Tout le monde semble à peu près d’accord pour estimer que l’école est le cœur même du champ social et que de sa puissance formatrice dépend largement le devenir de notre jeunesse. Le président de la République exprimait cette conviction lors de sa dernière conférence de presse. Hier, c’était Alain Juppé qui annonçait sa décision de lancer une consultation sur le sujet : « L’éducation, disait-il, c’est tout d’abord former l’esprit critique des jeunes gens pour qu’ils ne se laissent plus intoxiquer par une propagande obscurantiste, diffusée notamment sur les réseaux sociaux. » Comment ne pas être d’accord ? Cependant, je voudrais être sûr qu’on a bien pris la mesure exacte de ce fameux esprit critique. J’ai parfois l’impression qu’on l’interprète d’un point de vue purement négatif, en courant le danger de se laisser aller à la pente du scepticisme absolu, de l’à quoi bon généralisé.
C’est souvent ce qu’on retient de la référence au fameuses Lumières et à celui que l’on présente comme son enfant chéri, Voltaire. Attention ! Il faut revenir à la racine du mot critique, qui vient de krinein en grec, qui signifie juger. Juger c’est bien autre chose que se retrancher derrière « l’esprit qui toujours nie », pour reprendre la formule de Goethe dans son Faust. L’exercice du jugement, c’est aussi l’ouverture à l’être qui ne va pas sans étonnement, ni admiration. Et c’est commettre une lourde erreur que de croire qu’à fabriquer de durs petits esprits, toujours à dissoudre toute certitude, notamment dans l’ordre du Bien et du Juste, on armera nos jeunes pour la vie. Sans amour et sans vénération, on s’expose au dessèchement des facultés humaines.
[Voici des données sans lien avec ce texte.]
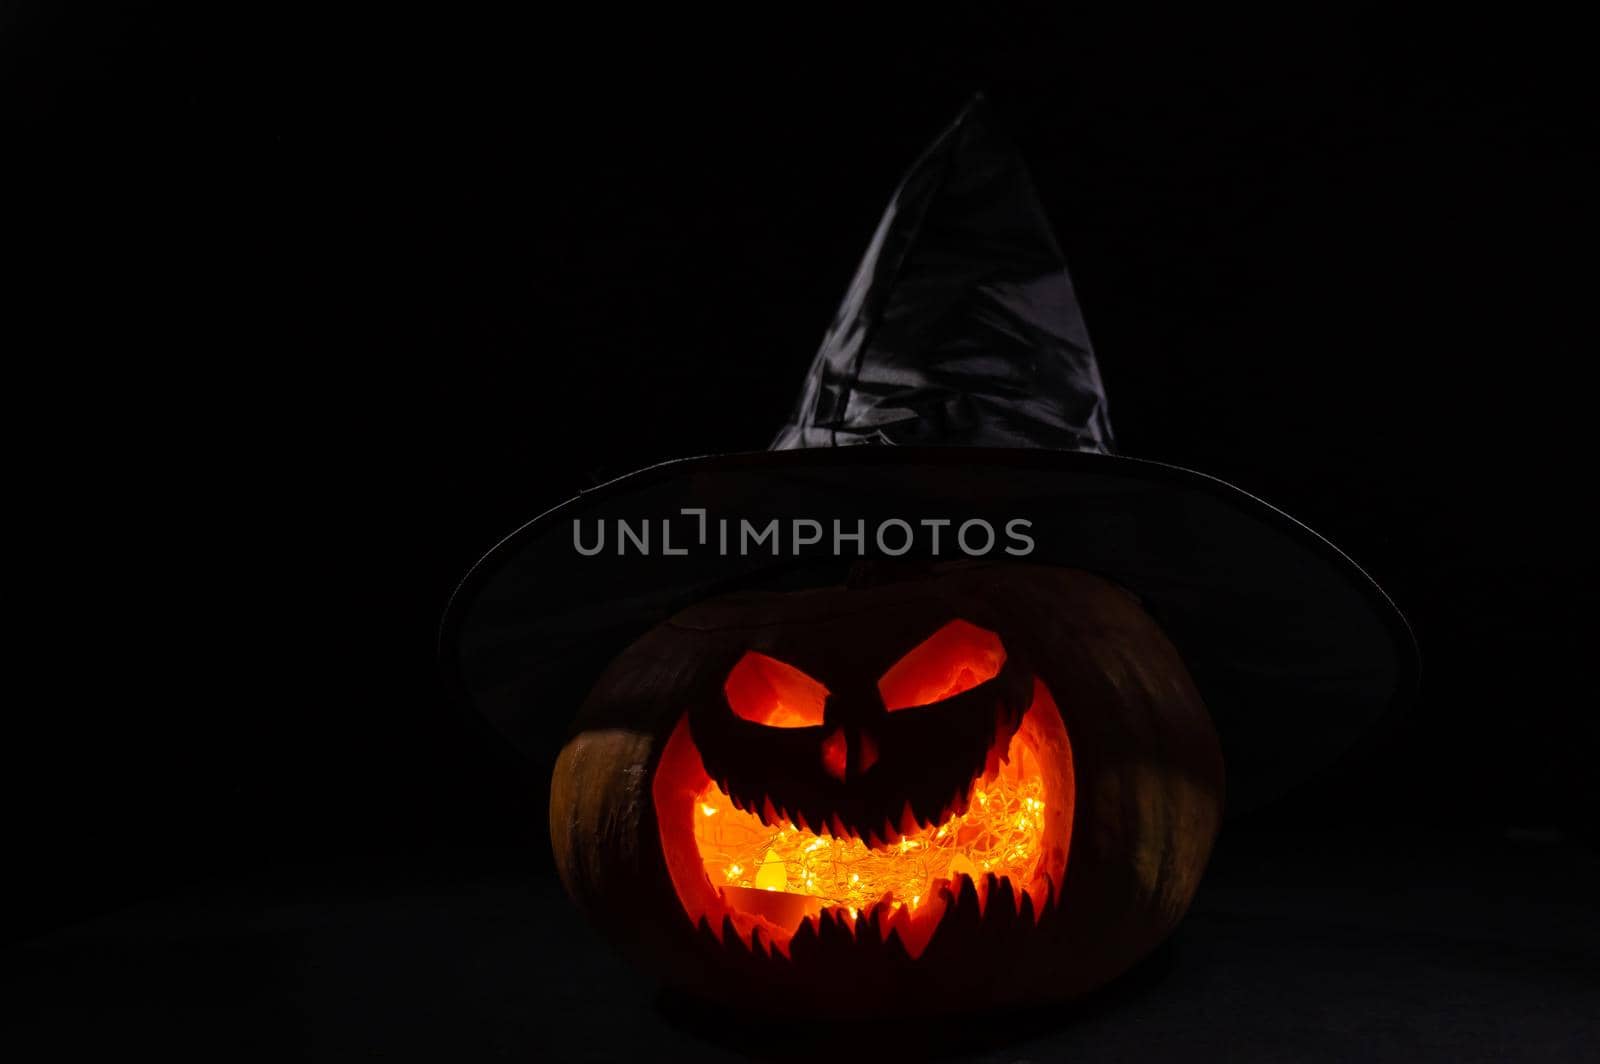 Glowing pumpkin in a witch hat in the dark. Jack o lantern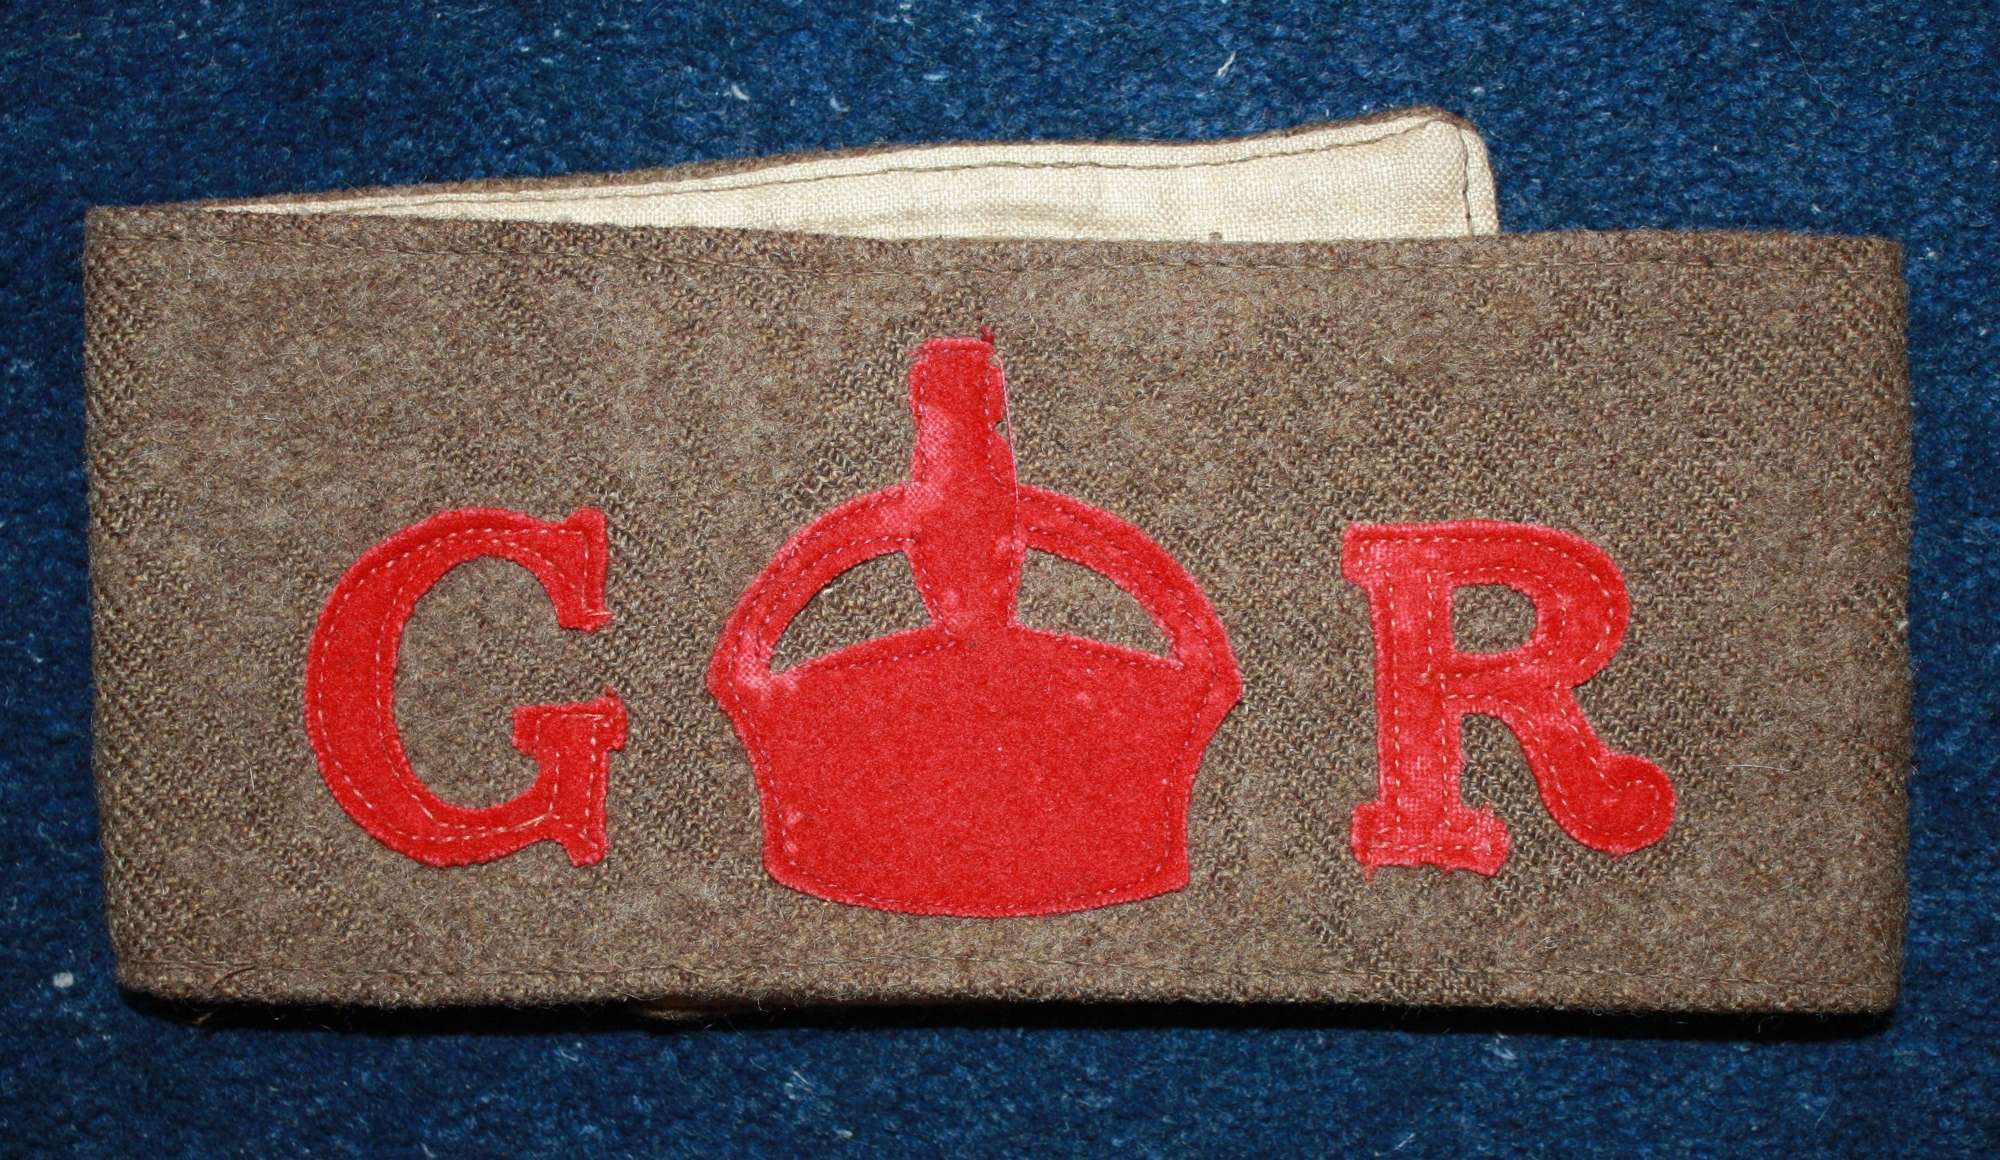 WW1 VTC (Volunteer Training Corps) GR Armband.

Attention, cela ne veut pas dire qu’il faut laisser la place à une sorte de sentimentalité mièvre. Il s’agit de mettre les forces de la raison au service du sens profond de la vie, qui se découvre par une forme supérieure de rationalité, à la pointe de l’Esprit. Les jeunes gens qui partent rejoindre le djihadisme n’étaient pas forcément dépourvus d’esprit critique. Il leur manquait peut-être des raisons de vivre qu’ils ont cru, hélas, découvrir du côté d’une religion dévoyée et d’un espoir fourvoyé dans la barbarie.
Chronique diffusée sur Radio Notre-Dame le 12 février 2015.